Urgences hospitalières : le témoignage du Pr Jean-Jacques Eledjam
Le professeur Jean-Jacques Eledjam a passé six ans à la tête du service des urgences du CHRU de Montpellier*. Il a ouvert les portes de son service aux caméras de 24H aux Urgences, la nouvelle série-documentaire de TF1. Anesthésiste-réanimateur de formation, il a découvert aux Urgences un personnel impliqué, dynamique et volontaire qu’il a toujours souhaité valoriser afin de montrer au grand public la qualité du travail fourni par ses équipes.
Que représente la direction d’un tel service ?
Le pôle des urgences comprend à la fois l’urgence pré-hospitalière (tous les soins pratiqués avant l’arrivée à l’hôpital), l’accueil, puis tout ce qui est rattaché aux soins, de la radiologie à la P 9 psychiatrie, en passant par la médecine légale… Le pôle compte plus de 750 personnes à superviser, dont une centaine de médecins. Aux Urgences, nous accueillons plus de 100 000 personnes en moyenne chaque année.

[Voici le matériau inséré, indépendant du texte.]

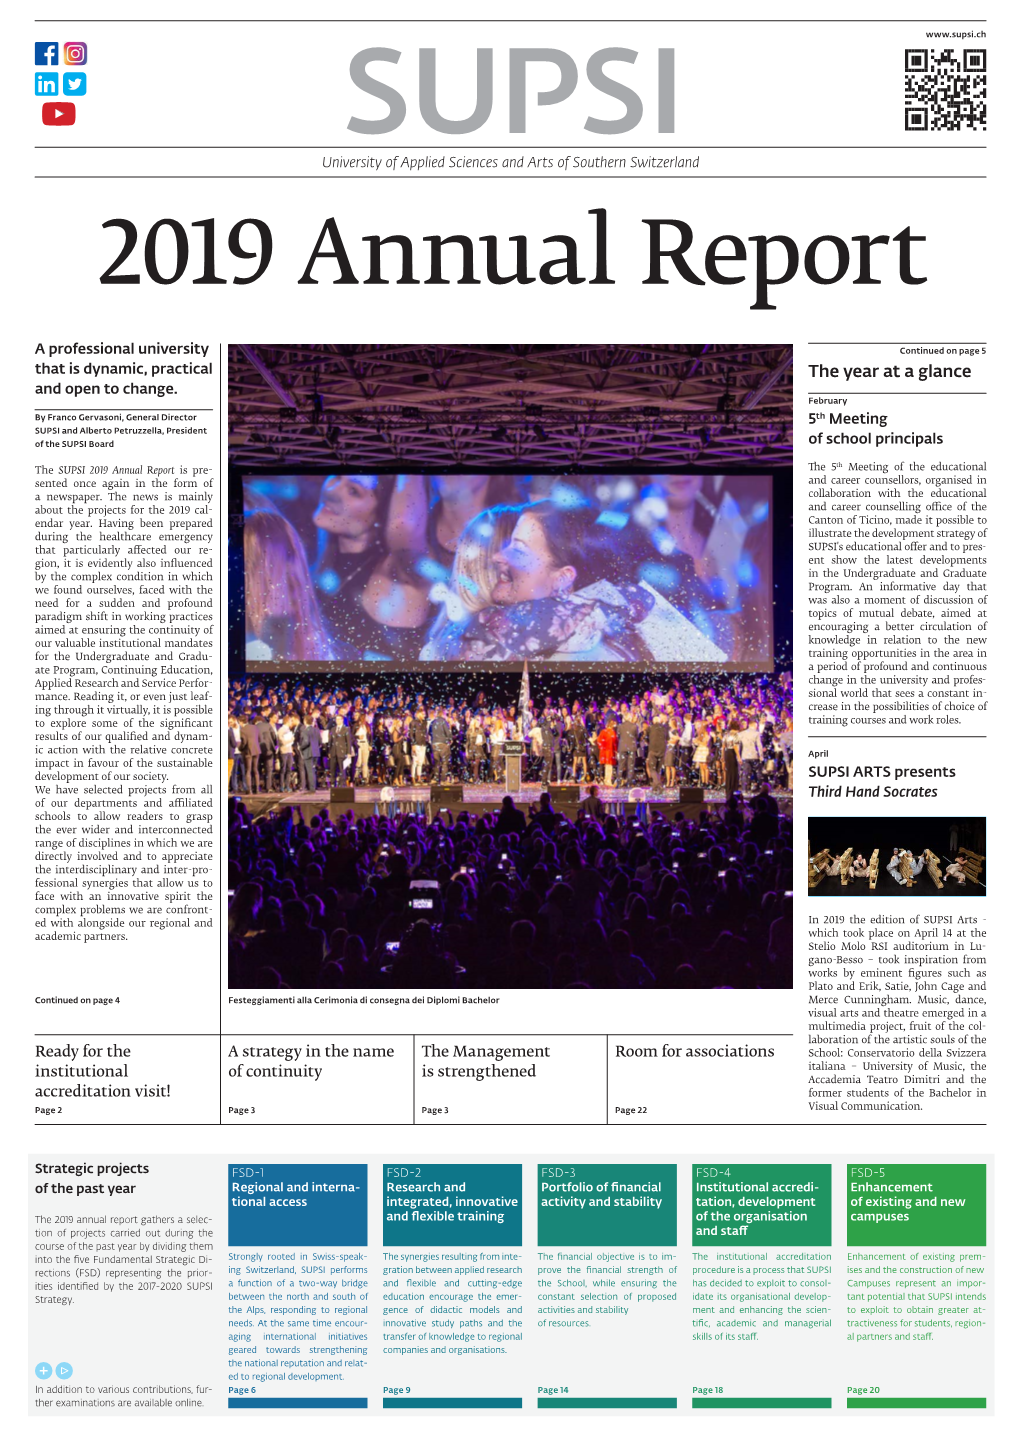 Annual Reportthe Year at a Glance and Open to Change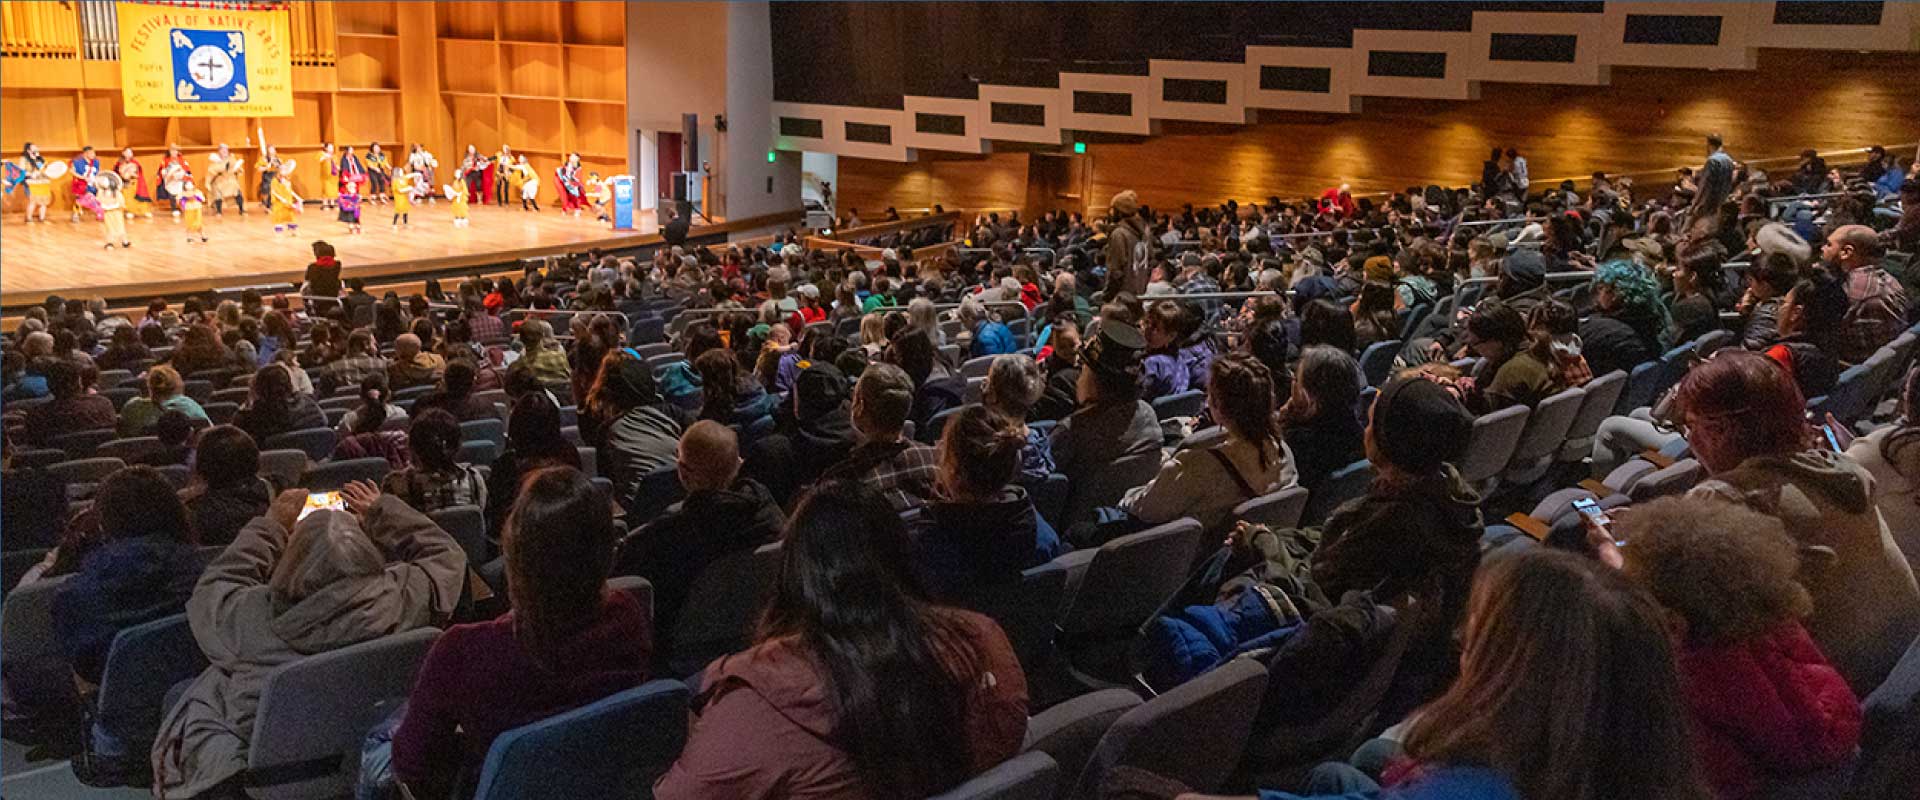 Audience members at the Charles Davis Concert Hall at the Troth Yeddha' Campus in Fairbanks watch a dance performance during the Festival of Native Arts

Quelles sont les qualités professionnelles et humaines requises pour travailler dans ce domaine si particulier ?
Il faut avoir une âme d’explorateur, d’anthropologue. Lorsque l’on exerce dans des domaines comme l’anesthésie, ma spécialité d’origine, les patients changent chaque jour mais les gestes restent les mêmes. En revanche, les urgentistes doivent apprécier la diversité des situations des patients accueillis, être en demande de nouveauté et s’intéresser aux autres.
Ce métier est aussi source de pression physique et psychologique. Comment gérez-vous ces difficultés ?
Aux Urgences, on a l’impression de sauver des vies, de jouer son rôle de soignant. Cela peut être extrêmement satisfaisant, mais notre quotidien est aussi compliqué, difficile, fatigant. Aucune garde ne ressemble à la précédente, et chaque jour passé aux Urgences est différent. L’urgence n’est pas le plus perturbant, car on est pris par le geste technique. Le plus difficile reste la violence de certains patients sous pression. Pour décompresser, les membres du personnel débriefent entre eux dès qu’ils bénéficient d’un moment de liberté. Cette «psychothérapie de groupe» est essentielle car la prise en charge des patients et le manque de reconnaissance dont souffre ce service sont parfois très pénibles à vivre. Les Urgences sont la vitrine de l’hôpital, et pourtant, elles n’ont pas tout à fait trouvé leur place.
A quoi est dû ce manque de reconnaissance ?
Les Urgences ne sont reconnues comme une spécialité que depuis 2004. Auparavant, l’essentiel du personnel était composé de généralistes. Avec ce changement, nous gagnons en compétences et en respectabilité. En conséquence, leur image évolue un peu. Aujourd’hui, la qualité du service des urgences est vraiment mise en avant. De plus, les Urgences sont un lieu de passage quasi obligatoire : ouvertes 24h/24, gratuites, elles deviennent populaires.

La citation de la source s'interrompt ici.